Implications of Accelerated AI Self-Development
This evidence indicates that AI systems are already significantly impacting their own development process, potentially leading to rapid, autonomous improvements. If AI can automate both the technical and strategic aspects of research, it could drastically shorten development cycles and reshape the future of AI innovation. This raises questions about control, safety, and the readiness of institutions to manage such capabilities, making it a crucial development for policymakers and researchers alike.Recent Trends in AI Capability Benchmarks
Over the past few years, public benchmarks like METR, SWE-bench, and CORE-Bench have shown consistent, rapid improvements in AI performance on tasks related to coding, bug fixing, and research reproduction. For example, models have progressed from handling simple tasks to managing hours-long projects within a year. Inside labs, data shared by Anthropic reveals that AI now contributes a large portion of code development, with over 80% of code merged by AI in May 2026, up from single digits in early 2025. These trends suggest a pattern of accelerating capability that could underpin future recursive self-improvement if the strategic decision-making gap is closed.“The data from Anthropic indicates that AI is already automating substantial parts of its own development, which could lead to a rapid loop of self-improvement if the decision-making gap closes.”
— Thorsten Meyer, AI researcher
Uncertainties Surrounding Autonomous Goal Selection
It remains unclear whether AI systems will soon be able to autonomously select research goals and design their own successors without human input. The current evidence shows progress in executing tasks but significant gaps persist in strategic decision-making capabilities. The timeline for closing this gap is uncertain, and experts warn that unforeseen technical or safety challenges could delay or prevent full recursive self-improvement.
Next Steps in Monitoring AI Self-Improvement
Researchers and institutions will likely focus on tracking further internal data from labs, especially regarding AI’s role in strategic decision-making and goal setting. Public benchmarks may continue to improve, but the key indicator will be whether AI begins to autonomously design, evaluate, and optimize its own architectures. Policymakers and safety researchers will also scrutinize these developments to assess risks and prepare appropriate regulatory responses.
Key Questions
What is recursive self-improvement in AI?

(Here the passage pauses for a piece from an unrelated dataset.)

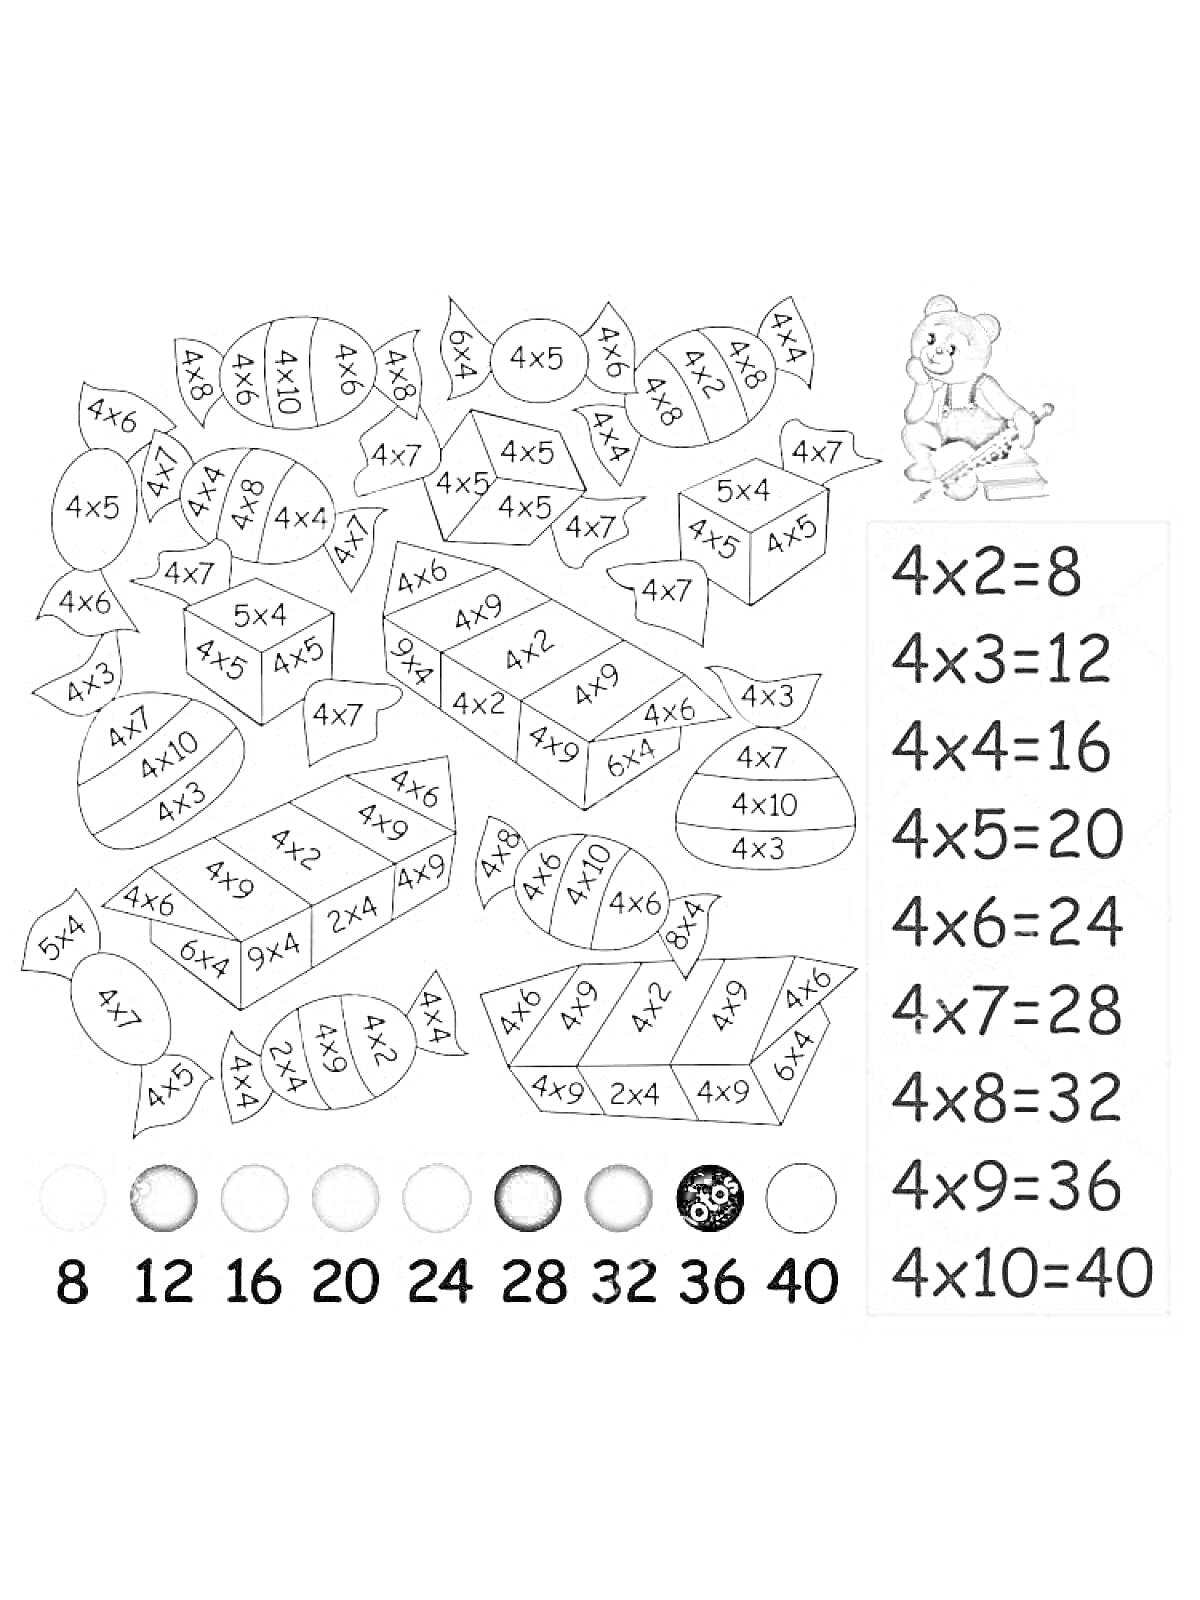 Раскраска с таблицей умножения на 4, рисунок конфет, медвежонок, цветовая схема

Recursive self-improvement refers to an AI system’s ability to autonomously improve its own capabilities, potentially leading to rapid, exponential progress in its intelligence and functionality.
Are current AI systems capable of fully automating their own development?
No, current systems are improving in automating specific tasks like coding and experiment execution, but they have not yet demonstrated the ability to independently set goals or design their own successors.
Why does this development matter for AI safety?
If AI systems can autonomously improve themselves, it could accelerate the pace of development beyond human control, raising safety, control, and ethical concerns that require careful management.
How soon could recursive self-improvement happen?
The report suggests it could occur within a few years if current trends continue, but the timeline remains uncertain due to technical and strategic challenges.
What should institutions do in response to this evidence?
Institutions should monitor internal AI development data closely, invest in safety research, and develop policies to manage the potential risks of autonomous AI self-improvement.